* _Problem_
Pictures stay out of the output. Return exactly the lines below from the one with "Purple Library ADA Sign" down to the one with "Herren Marineblau Gute", both included, and nothing more.

* _Supplied data_

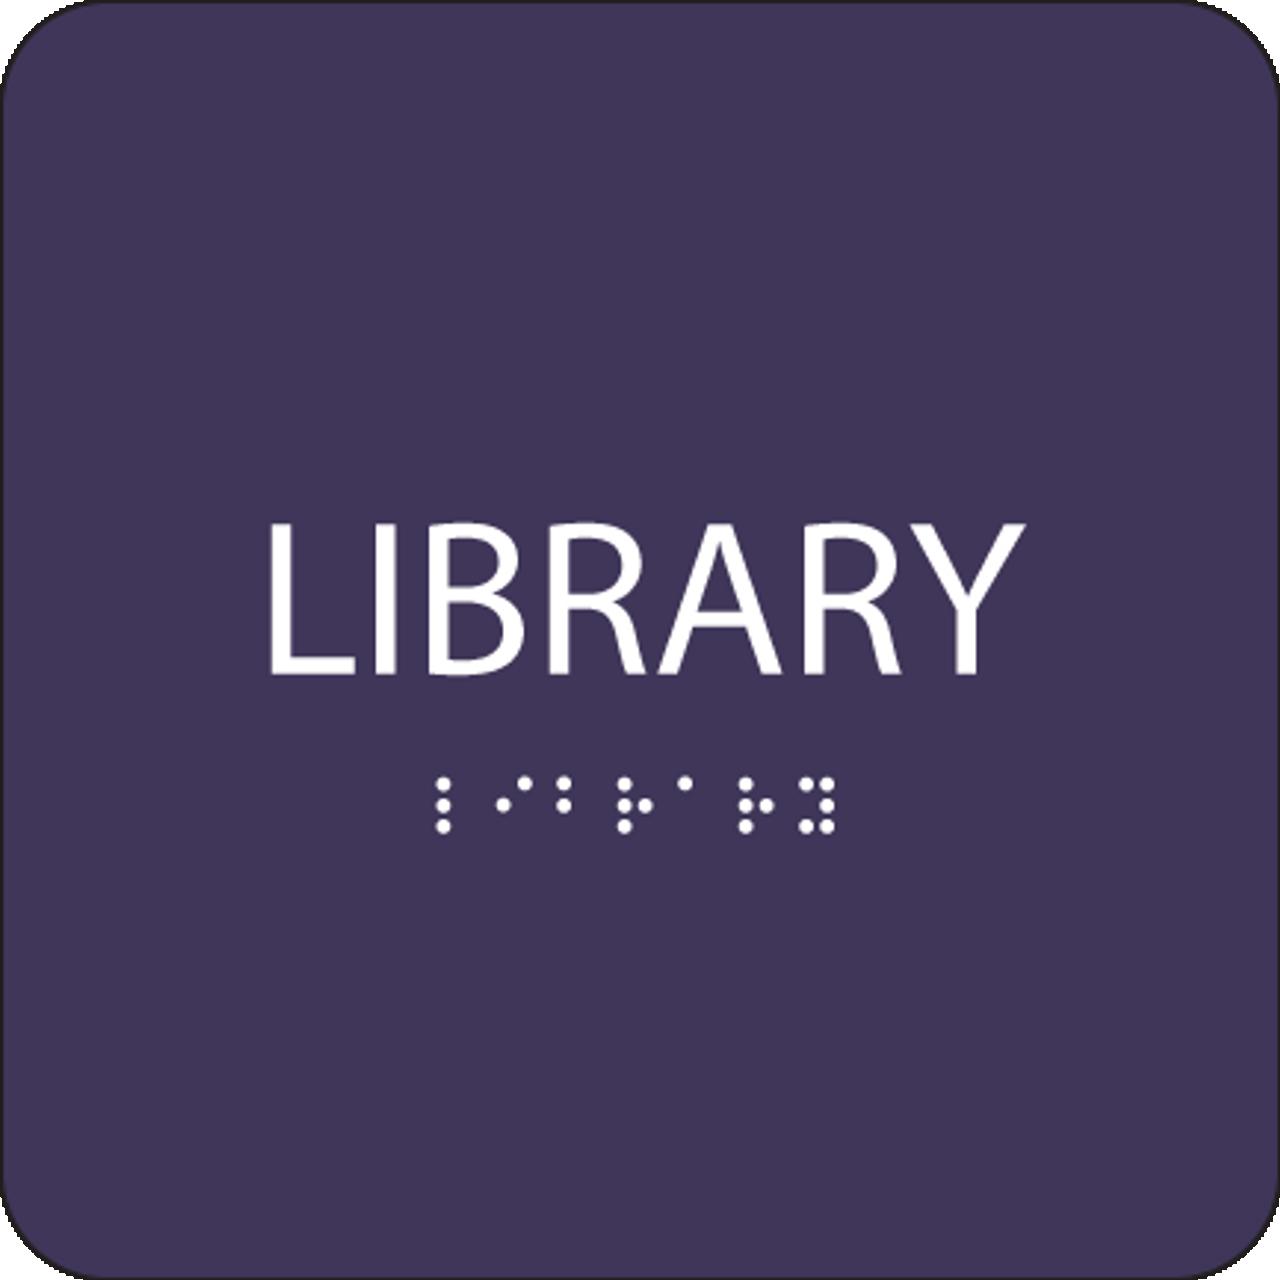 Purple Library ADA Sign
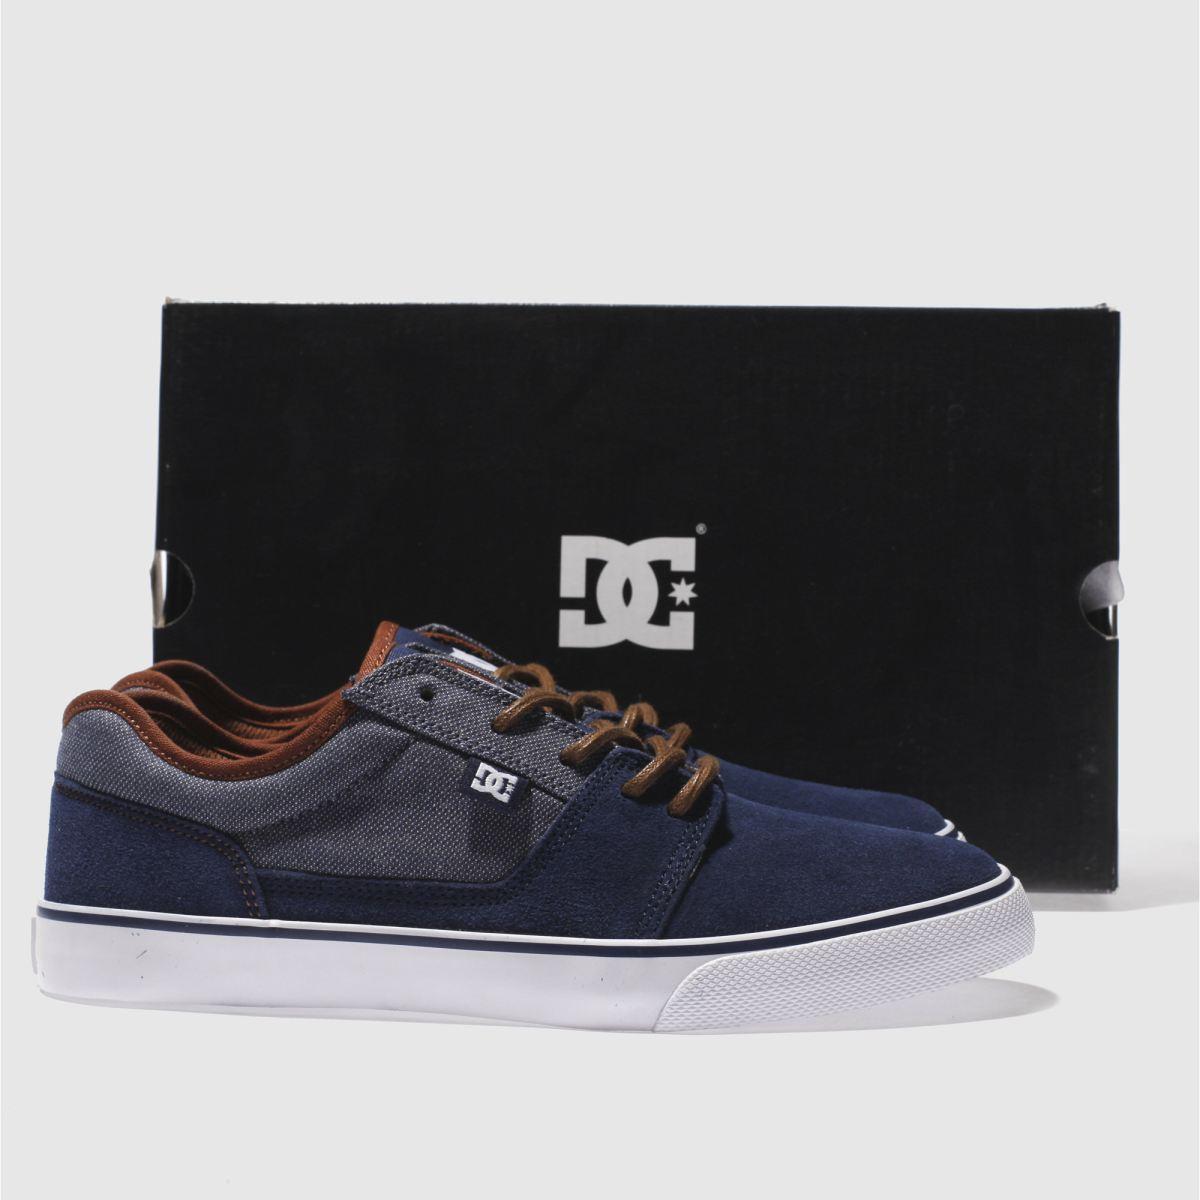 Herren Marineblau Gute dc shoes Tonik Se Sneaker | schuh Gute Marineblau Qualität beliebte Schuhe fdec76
---
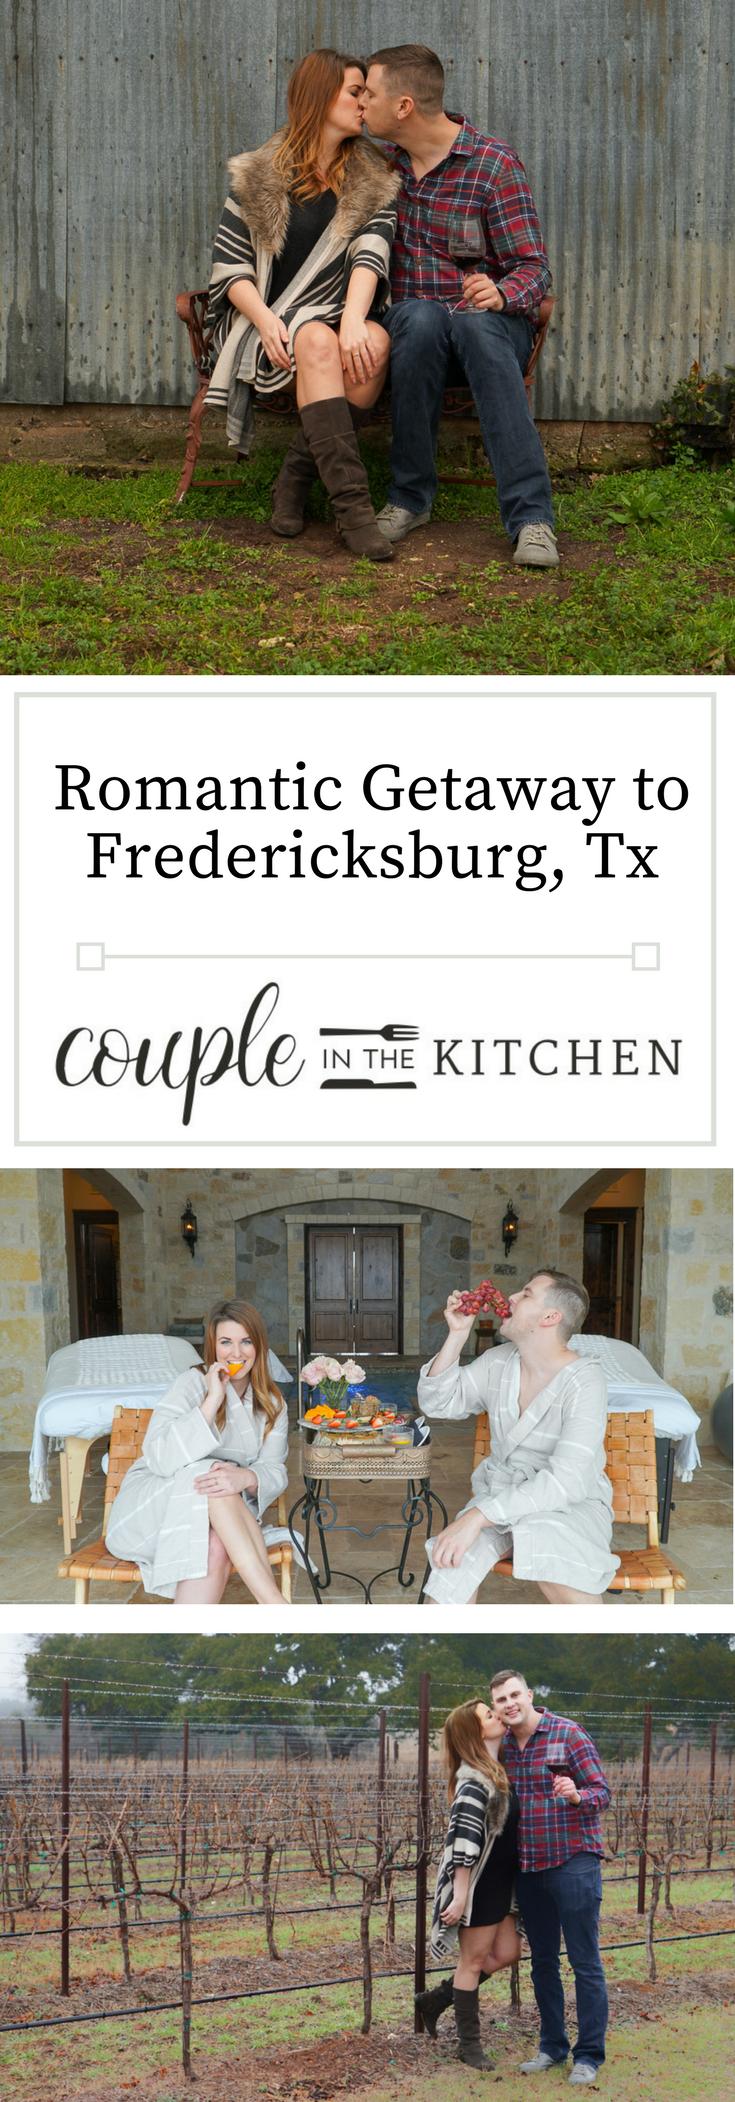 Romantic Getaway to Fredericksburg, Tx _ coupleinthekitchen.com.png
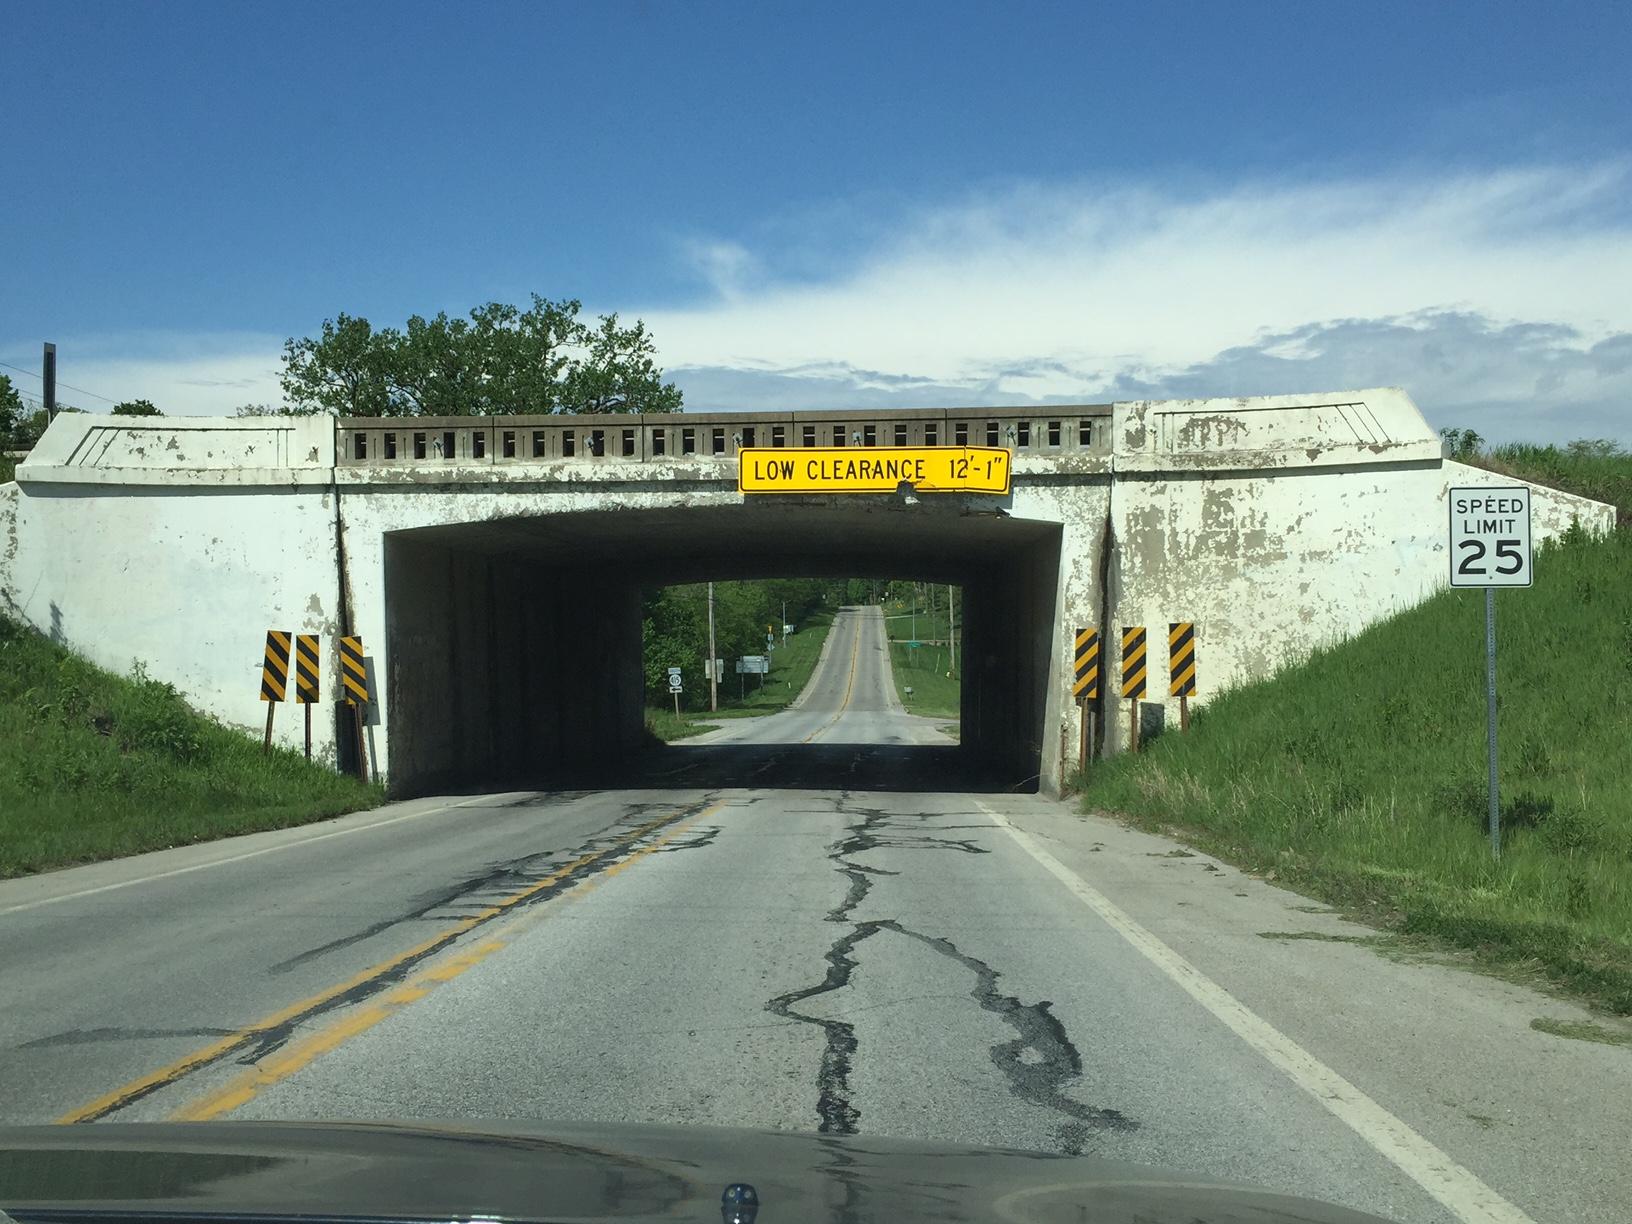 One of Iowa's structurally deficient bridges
* * *
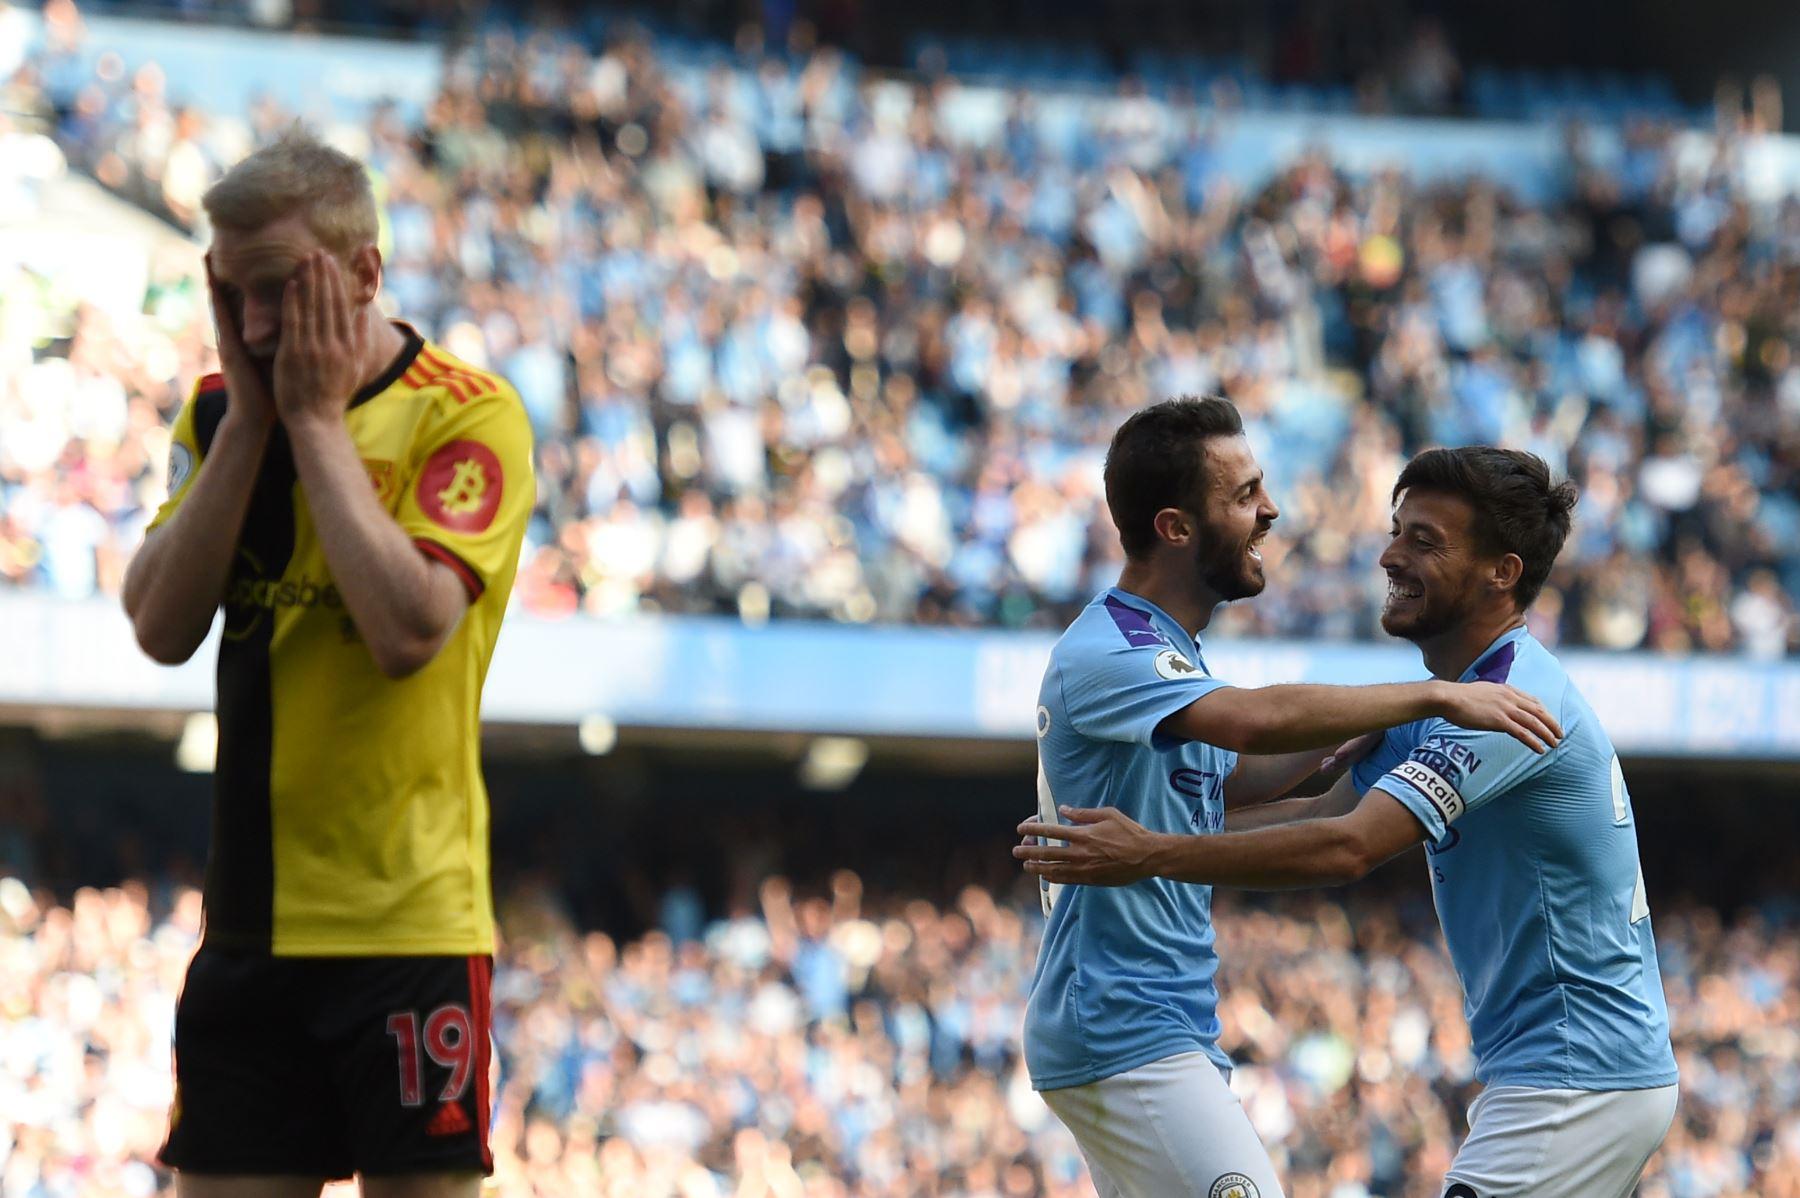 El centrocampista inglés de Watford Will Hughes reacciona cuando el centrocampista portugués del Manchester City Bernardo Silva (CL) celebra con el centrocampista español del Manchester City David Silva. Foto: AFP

* _Exercise result_
 Purple Library ADA Sign
 Herren Marineblau Gute dc shoes Tonik Se Sneaker | schuh Gute Marineblau Qualität beliebte Schuhe fdec76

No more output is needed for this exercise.